Le colonel Justinard prend sa retraite au Maroc, à Salé jusqu’à son retour en France en 1956 pour raisons de santé. Il décède en 1959, à Paris à l’hôpital du Val de Grâce.
Justinard a contribué à faire connaître la richesse de la littérature orale qu’il a lui-même recueillie d’abord auprès de ses soldats du Tabor 5, puis des rays itinérants, chanteurs professionnels qui parcourent le pays tachelhit, ou dans les soirées de fêtes où l’on chante l’ahouach, l’aouach étant une « séance de danses et de chants pendant lesquels, entre les danses, on peut entendre les chants de l’amarg qui est leur poésie », ces danses ayant lieu lors d’un mariage, d’une naissance, d’une fête religieuse.
Mais il n’a pas négligé l’écrit : « Il traduit non seulement des manuscrits rédigés en arabe par des Berbères ( La Rihla du marabout de Tassaft, 1940 et Fawaïd, 1953) mais aussi des œuvres écrites en langue tachelhit et transcrites en caractère arabe. Et, si sa transcription des textes berbères est parfois maladroite, il n’est pas linguiste après tout, grâce à lui cette partie de la littérature orale n’est pas tombée dans l’oubli ». Rachid Agrour.
Parmi les publications de Léopold Justinard on citera : Manuel de berbère marocain, dialecte chleuh, 1914 ; Manuel de berbère marocain, dialecte rifain, 1926 ; Les Chleuh dans la banlieue de Paris, 1928 ; Les Aït Ba Amran, villes et tribus du Maroc, 1930 ; Un grand chef berbère, le caïd Goundafi, 1951 ; Folklore des Berbères marocains, 1951 ; Fawaïd, traduit du texte arabe du XVII ème siècle, 1953.
Justinard a été un fidèle de la Revue Aguedal, créée par Henri Bosco, à laquelle il a participé dès le premier numéro.
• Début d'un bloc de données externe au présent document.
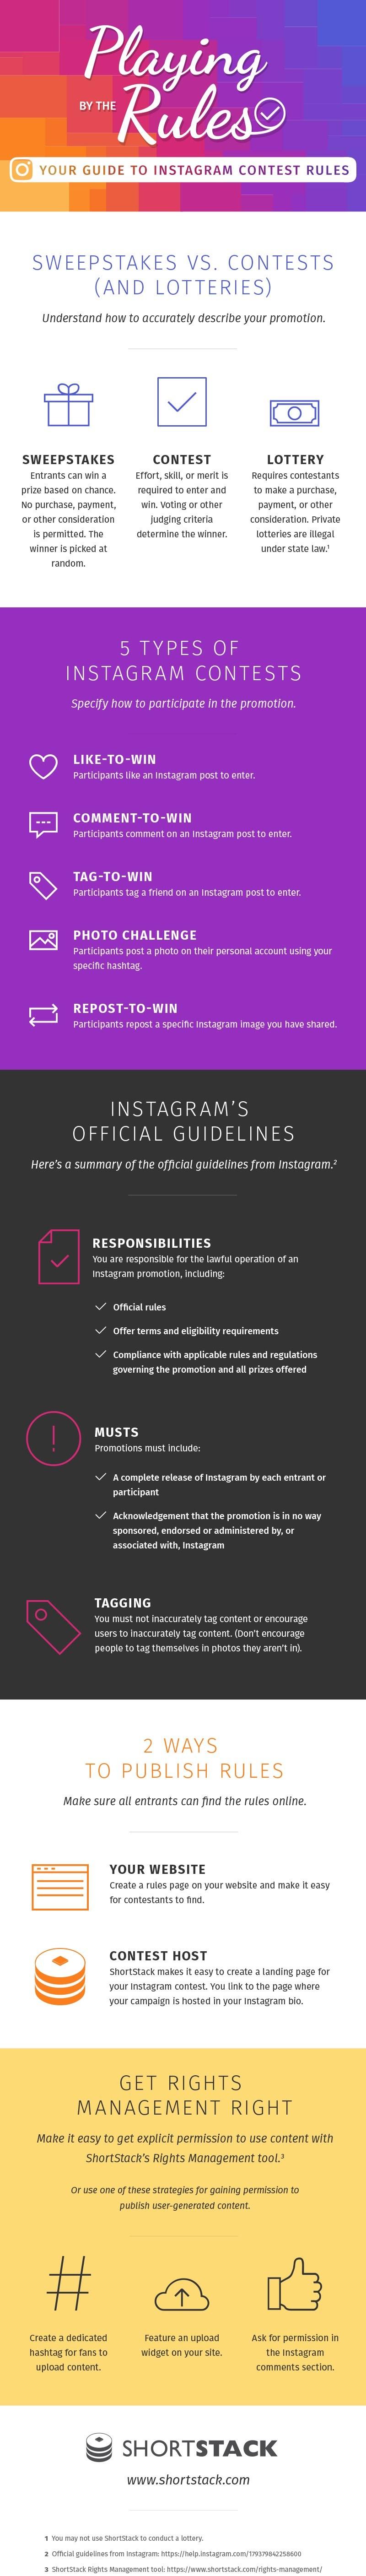 ¿Por qué la regla de Concursos de Instagram? para Jugar según las Reglas [Infographic] | Social Media Today

Il tiendra dans chaque numéro, une rubrique consacrée à la poésie berbère tachelhit, intitulée Propos du Chleuh, qu’il présente ainsi dans le N° 1 de mai 1936 :
On se propose de donner une page à chaque numéro de cette revue sous le titre « Propos du Chleuh ».
On n’y trouvera pas du tout, sous le masque d’un Chleuh, une critique des mœurs du temps, mais des extraits du folklore des Chleuh qui sont des Berbères du Sud-Ouest marocain.
Beaucoup seront étonnés d’apprendre qu’il y a là une réserve de spirituel, un aguedal de poésie et de sagesse. Il y aurait beaucoup à dire sur l’utilité actuelle de cet apport. Mais « où il y a beaucoup à dire, on ne dit rien ».
C’était le propos familier d’un vieux seigneur et c’était dans sa bouche, l’expression du mépris par le silence. Mais de même que la musique emmène chacun où il veut aller, chacun peut donner à ses propos du Chleuh le commentaire qui lui plaît.
La Revue Zamane a donné dans son N° 100 (Mars 2019) un article « Léopold Justinard, l’amoureux des lettres berbères » sous la signature de Nina Kozlowski.
À ceux qui veulent découvrir quelques-uns des textes de Justinard, l’historien Rachid Agrour propose dans « Léopold Justinard, missionnaire de la tachelhit, 1914-1954, Quarante ans d’études berbères » publié en 2007 aux éditions Bouchène, un choix d’une quinzaine de textes qui sont précédés d’une présentation très documentée de Léopold Justinard et de la liste de l’essentiel de ses publications.